Discussion:
WYSIWYG vs. WYSIWYM and semantic usage?
Simon Rönnqvist
2005-11-21 13:09:30 UTC
Permalink
Hi!

The way of the future of information seems to be semantic markup,
both when speaking of the web and when speaking of word processing.
That is marking up content according to what it is rather than what
it should look like. When speaking of word processing there seem to
be two approaches to this, the ordinary WYSIWYG (What You See Is What
You Get) approach which ordinary word processors have, and the pure
semantic approach aka. WYSIWYM (What You See Is What You Mean).

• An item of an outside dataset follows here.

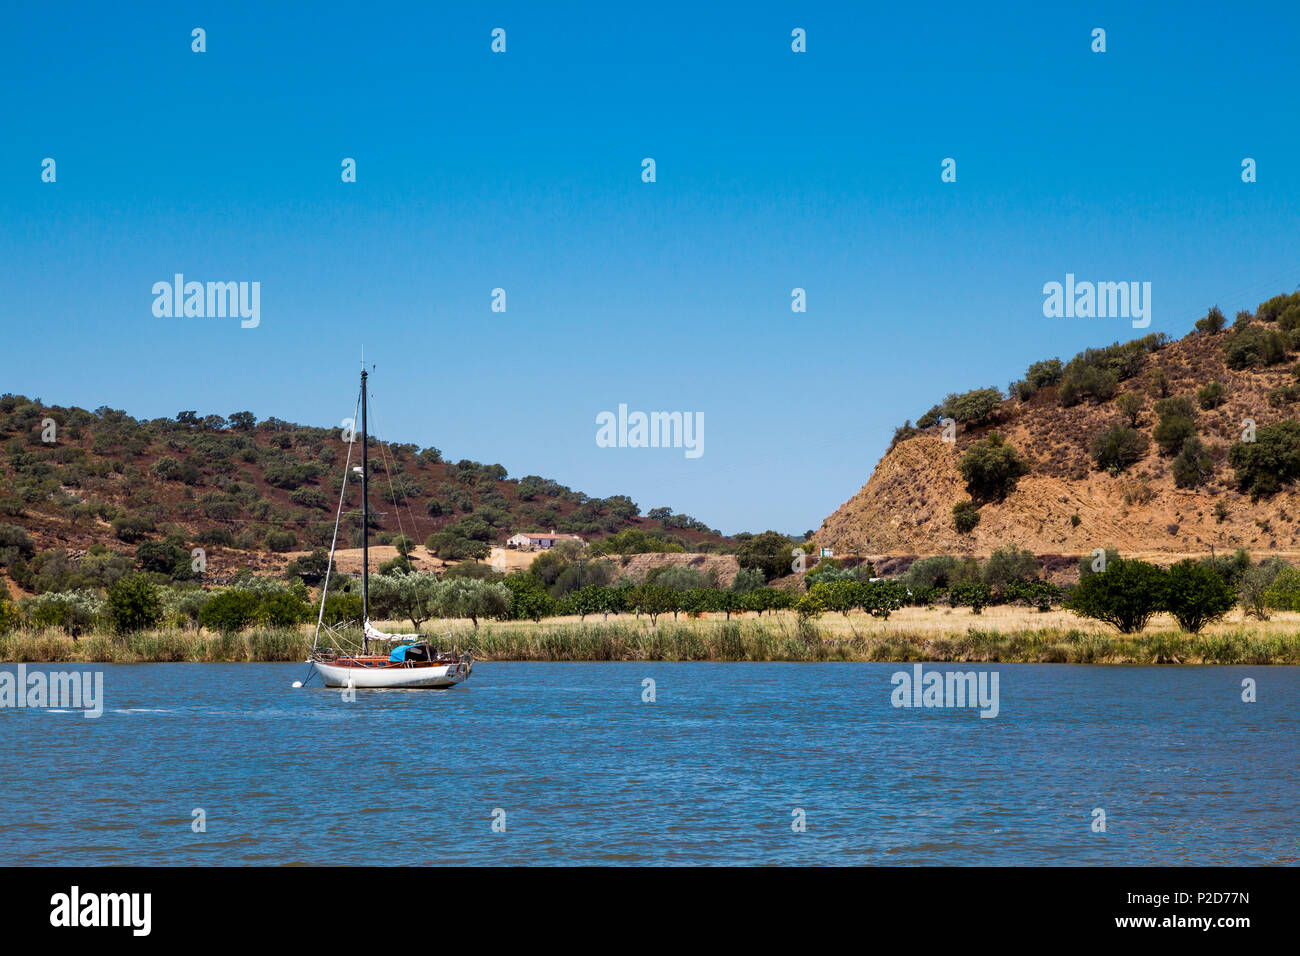 Bootsfahrt auf dem Grenzfluss Guadiana, Algarve, Portugal Stockfoto

WYSIWYG:s usually offer a possibility to mark up content with style
classes rather than directly saying how each letter, word or passage
should look. (Kind of like using CSS classes instead of in-line CSS
or FONT-tags.) If you choose to use this possibility explicitly one
could say that you're marking up text semantically (as long as the
names of the classes are of a semantic nature). Then there's also at
least one purely semantic word processor called LyX, which is a
frontend to LaTeX. LyX has a so called WYSIWYM (What You See Is What
You Mean) approach, which means that it doesn't even allow the user
to see the formatting of the text while typing, encouraging the user
to think semantically.

When speaking of web content the Bitflux Editor embraces this
approach as a WYSIWYG, yet encouraging the user to use semantic
markup more than any other WYSIWYG I've seen.
My question is: What advantages and disadvantages does this approach
have compared to a pure WYSIWYM?

I think it may be an advantage for the user to have a feeling of what
the content is going to look like already at the time of typing it.
But on the other hand it may tempt the user into using inappropriate
markup in trying to achieve a sertain look, which anyways should be
up to the CSS-designer to decide (at least for the sake of
consistency). Another problem occurs if one is going to reuse the
conent in different medias with different formatting (ie. different
styling for print), then the WYSIWYG is nothing but an illusion.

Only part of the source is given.